Ruben Stepanyan, PhD
(SOM) Case Western Reserve University Department of Otolaryngology
The goal of Ruben Stepanyan's lab research is to study hair cell mechanosensitivity and calcium homeostasis in normal and pathological conditions.  Mechanosensitivity of hair cells is necessary for our hearing while calcium is an essential modulator of mechano-electrical transduction. During excessively loud sounds and noise a substantial amount of calcium ions enter hair cells through mechanotransduction channels.  Therefore, it is important for hair cells to be able to buffer and extrude excessive Ca2; compromised calcium balance is a significant factor leading to hair cell death.

Patricia R. Taylor, PhD
(SOM) Case Western Reserve University Department of Ophthalmology and Visual Sciences
The Taylor Lab research focuses on the role of IL-17 in diabetic retinopathy, and is the first study to characterize IL-17 producing neutrophils in diabetes. IL-17 producing neutrophils are a major focus in this study because they are the only cell in the immune system that has an autocrine IL-17 function that increases production of pro-inflammatory chemokines, proteinases, and reactive oxygen species, which play a role in diabetic retinopathy.

Hillel Chiel, PhD
(CAS) Case Western Reserve University Department of Biology, Neurosciences and Biomedical Engineering 

Research: Soft tissue biomechanics, neural modeling, and soft robots

Animals must continuously adjust their behavior in response to complex and changing conditions. Most of their behavioral adjustments enhance their ability to survive and reproduce, and this ability is referred to as adaptive behavior. In the Chiel Lab at Case Western Reserve University, we ask: What are the mechanisms that underlie adaptive behavior? 

Angela Dixon, PhD
(CAS) Case Western Reserve University Department of Biology 

Research: Modeling of neurological diseases 

Dr. Dixon leads a multidisciplinary research program that employs an arsenal of diverse tools to model neurological diseases, replicate nervous system architecture and organization, and create health-monitoring sensors inspired by central and peripheral nervous system physiology. The lab seeks to answer basic research questions by using unique assays to understand key components underlying nervous system functions and the related animal behaviors. 

Jessica Fox, PhD
(CAS) Case Western Reserve University Department of Biology

Research: Neurobiology, sensory systems, insect behavior

The Fox lab studies insect sensory systems using quantitative behavioral techniques, electrophysiology, computational modeling, and high-speed videography.

Gabriella Wolff, PhD
(CAS) Case Western Reserve University Department of Biology

Research: Neuroethology, evolutionary and comparative neurobiology, olfaction, learning and memory.  

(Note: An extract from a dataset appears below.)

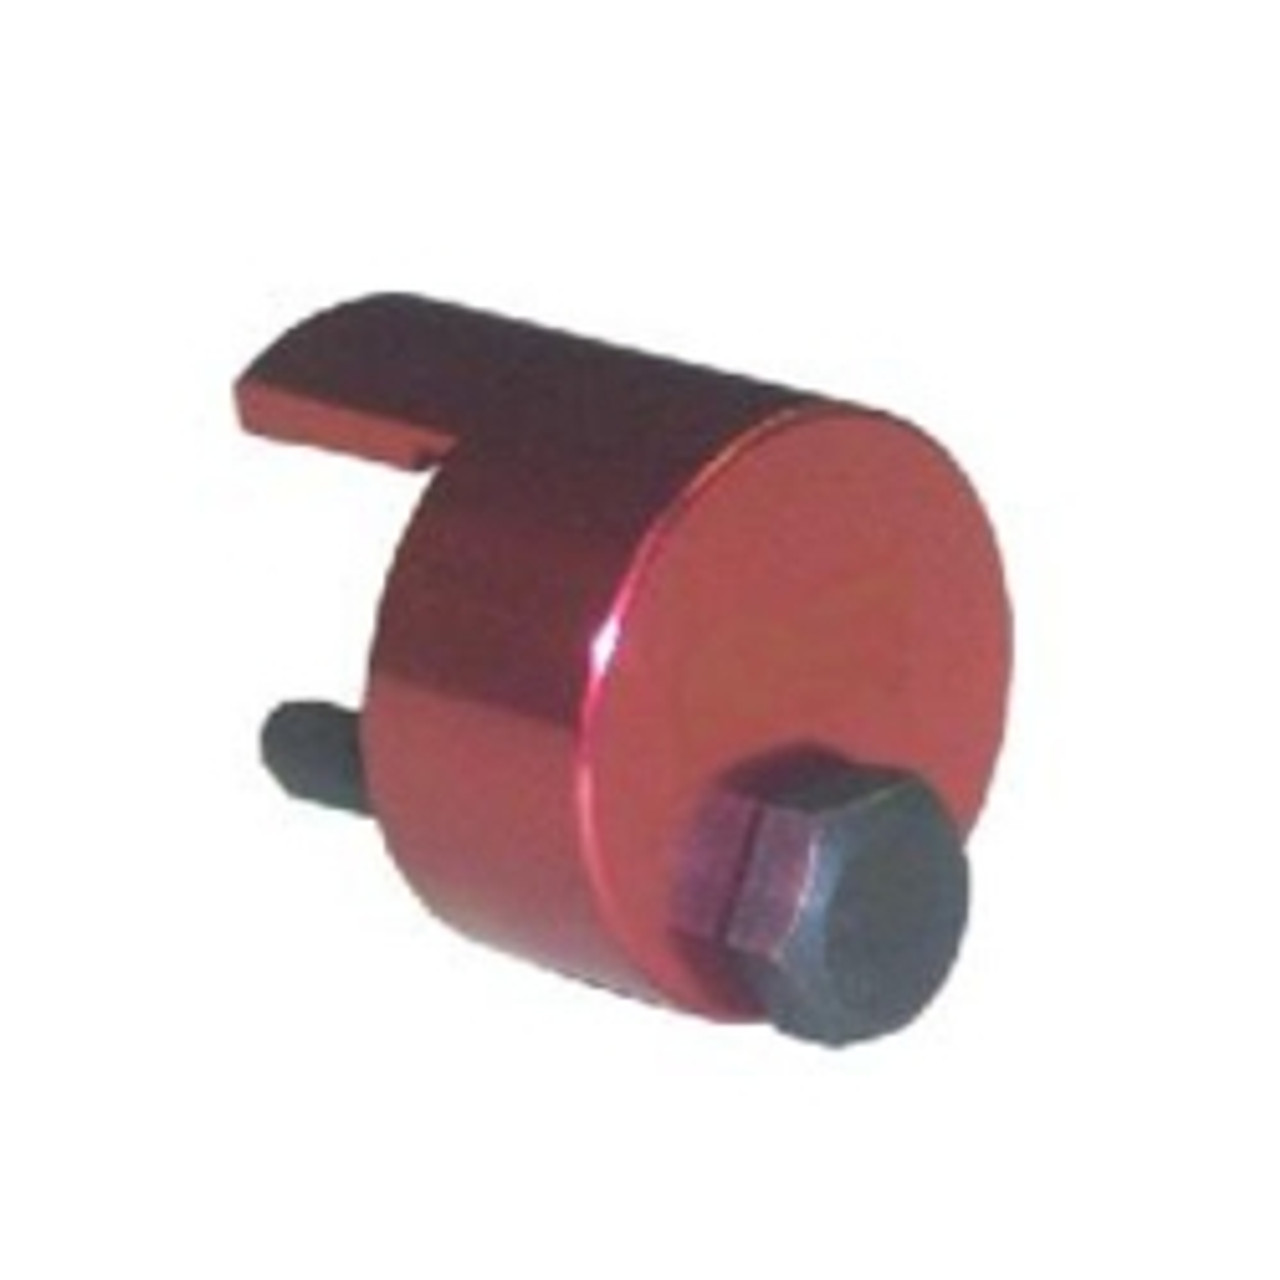 M7 4” Eraser Wheel Tool Replacement 4000 RPM For Surface Cleaning

In order to understand why mosquitoes seek to bite their preferred hosts, the Wolff lab compare odor-evoked neural activity, chemoreceptivity, learning and memory behavior, and expression patterns of dopamine and serotonin in olfactory brain centers across the species.

Mark Willis, PhD
(CAS) Case Western Reserve University Department of Biology

Research: Olfactory orientation and flight behavior

The behavior studied in the Willis lab is odor-modulated locomotion – specifically how flying and walking insects track odor plumes to locate important resources like food and mates. The animals we study and compare are the tobacco hornworm moth, Manduca sexta, and the American cockroach, Periplaneta americana. The experiments in our lab are aimed at two goals: 1) understanding how plume tracking animals use information from many types of sensors (i.e., odor, visual & wind) to follow wind-borne plumes of odor, and 2) understanding how moths generate and control their flight maneuvers to adapt to different tasks and environments.